High-energy Billick takes on Ravens' job

Vikings assistant gets 6-year, $9 million deal as new head coach

January 20, 1999|By Mike Preston | Mike Preston,SUN STAFF

One hour after being hired yesterday, Brian Billick was displaying the energy that persuaded the Ravens to make him the second head coach in the team's three-year history.

By 3 p.m., Billick was making reservations to attend the Senior Bowl in Mobile, Ala., where he will begin forming his coaching staff. Four hours later, Billick was on the plane headed south, and his wife and two daughters were on a flight back to Minnesota.

The Billick era had officially begun. Swoosh. As the coach to energize a team that has yet to have a winning season in Baltimore, the Ravens signed a 44-year-old computer geek born in Fairborne, Ohio, and raised in Redlands, Calif., to a six-year contract worth $9 million.

Ravens owner Art Modell said the length of the contract was a slight risk, but the club considers Billick special, even though he has yet to serve as a head coach for a National Football League game.

"We think this is a minimal gamble with this man," said Modell. "I don't throw numbers around liberally, but this seems to be a special man. What really impressed me most is his passion for the game."

Billick is hardly the typical football coach. The hairline is slipping back off a large forehead and his slender face is defined by a jutting, rugged jaw. Billick could be an IBM executive with his five-syllable words and eloquent answers. Forget the T-shirts and shorts. Try a dark blue suit.
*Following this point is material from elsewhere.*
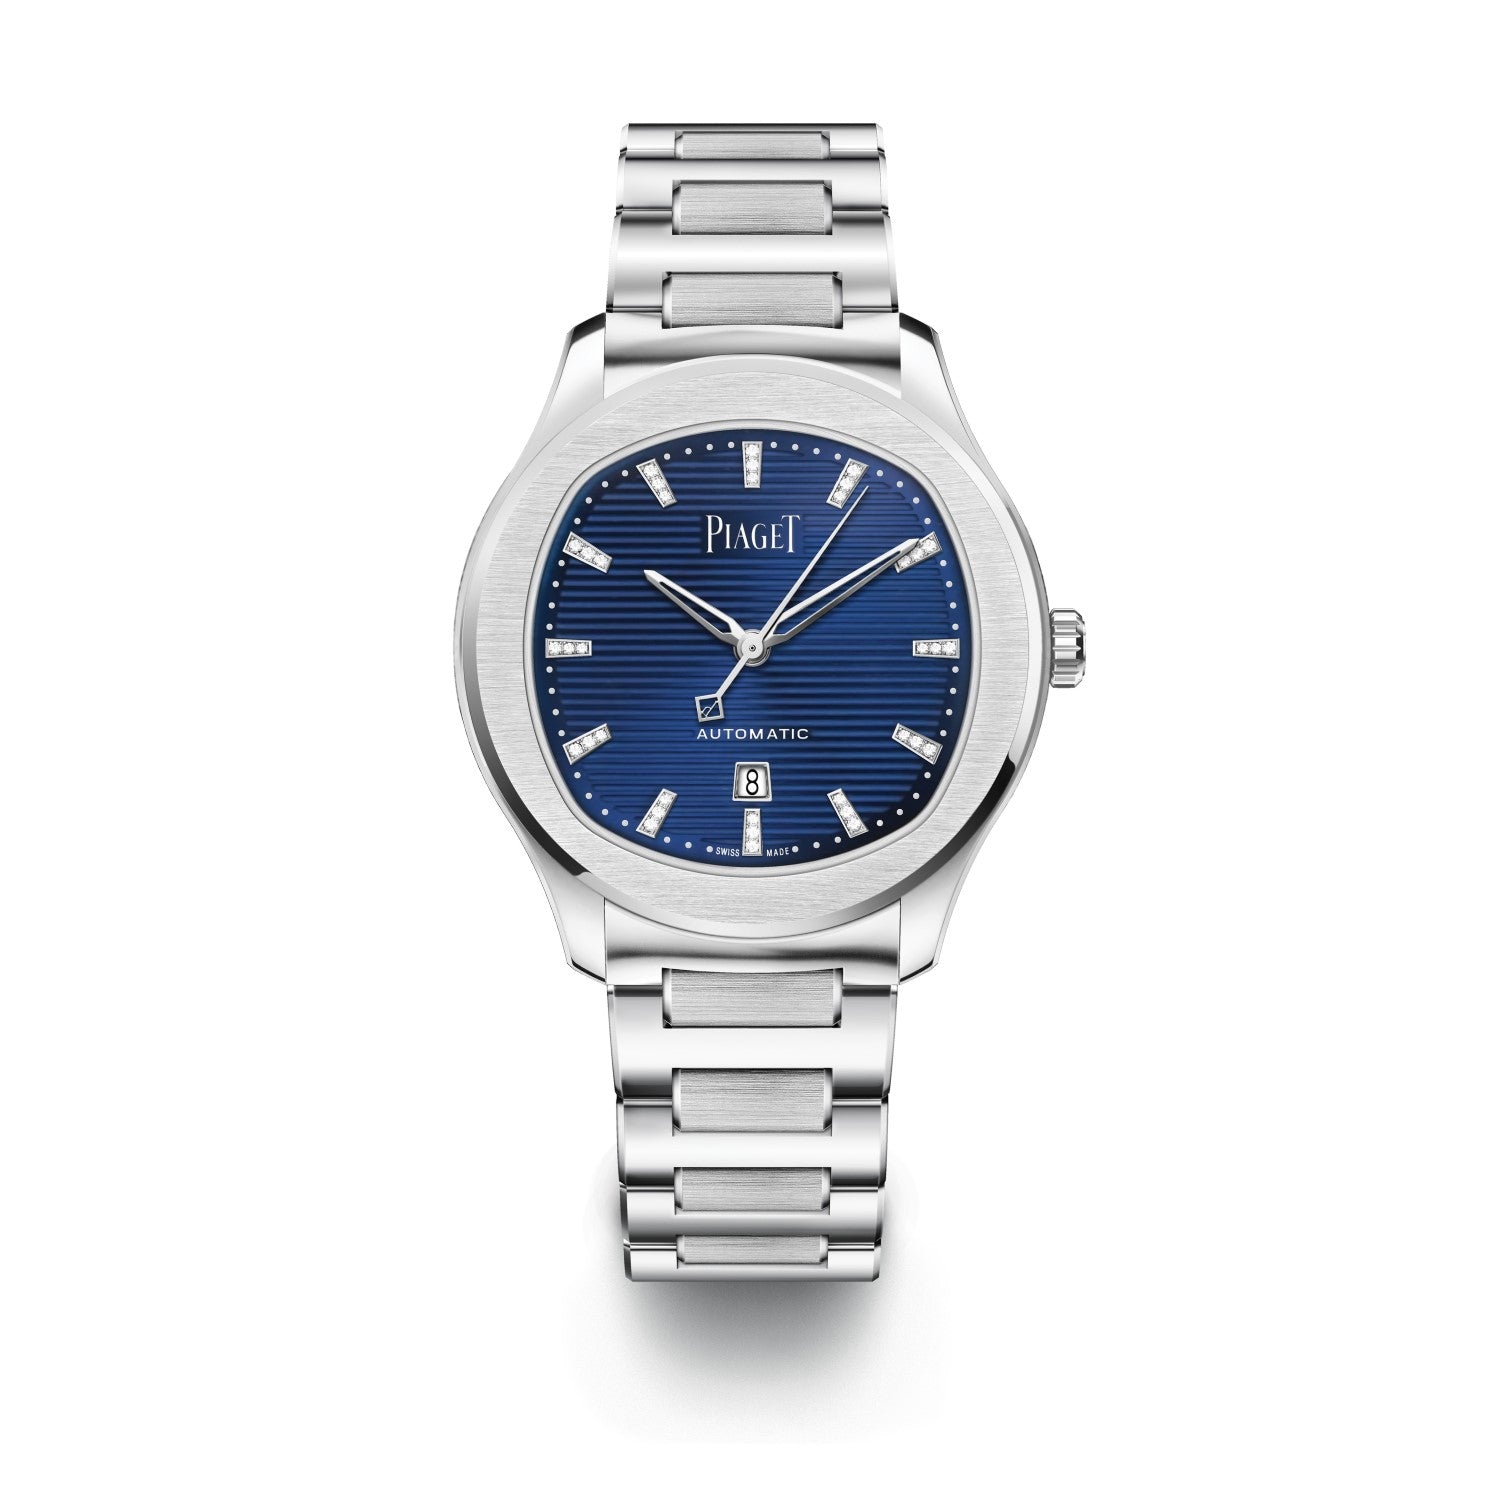 Piaget Polo Date watch, 36 mm

Billick has an undergraduate degree in public relations and communications from Brigham Young University, and almost had a master's degree in journalism before former San Francisco coach Bill Walsh asked him to join the 49ers as a public relations assistant.

"He is professional, competent and this is a lifelong ambition for him," said David Modell, Ravens vice president of marketing, who led the team's search committee. "He arrived with a plan and has terrific communication skills which emphasize teaching.

"Put it all together, and it spells he will be a terrific leader for this football team," said David Modell.

Billick is part of a new wave of NFL coaches along with the Oakland Raiders' Jon Gruden. They use videos and computers instead of chalkboards.

"All our game planning is via a slide presentation with Power Point that every businessman in America uses with his presentations," said Billick, "because anything with color, movement and action heightens the learning curve. If you think you can stand up in front of these guys with the old chalkboard or a black and white overlay, you can forget it. This is the MTV generation.

"Video certainly helps players visualize what they are doing," he said. "But if you put them in a more sensory-heightened situation, much like the games the kids play, you could show them without having to go out on the field."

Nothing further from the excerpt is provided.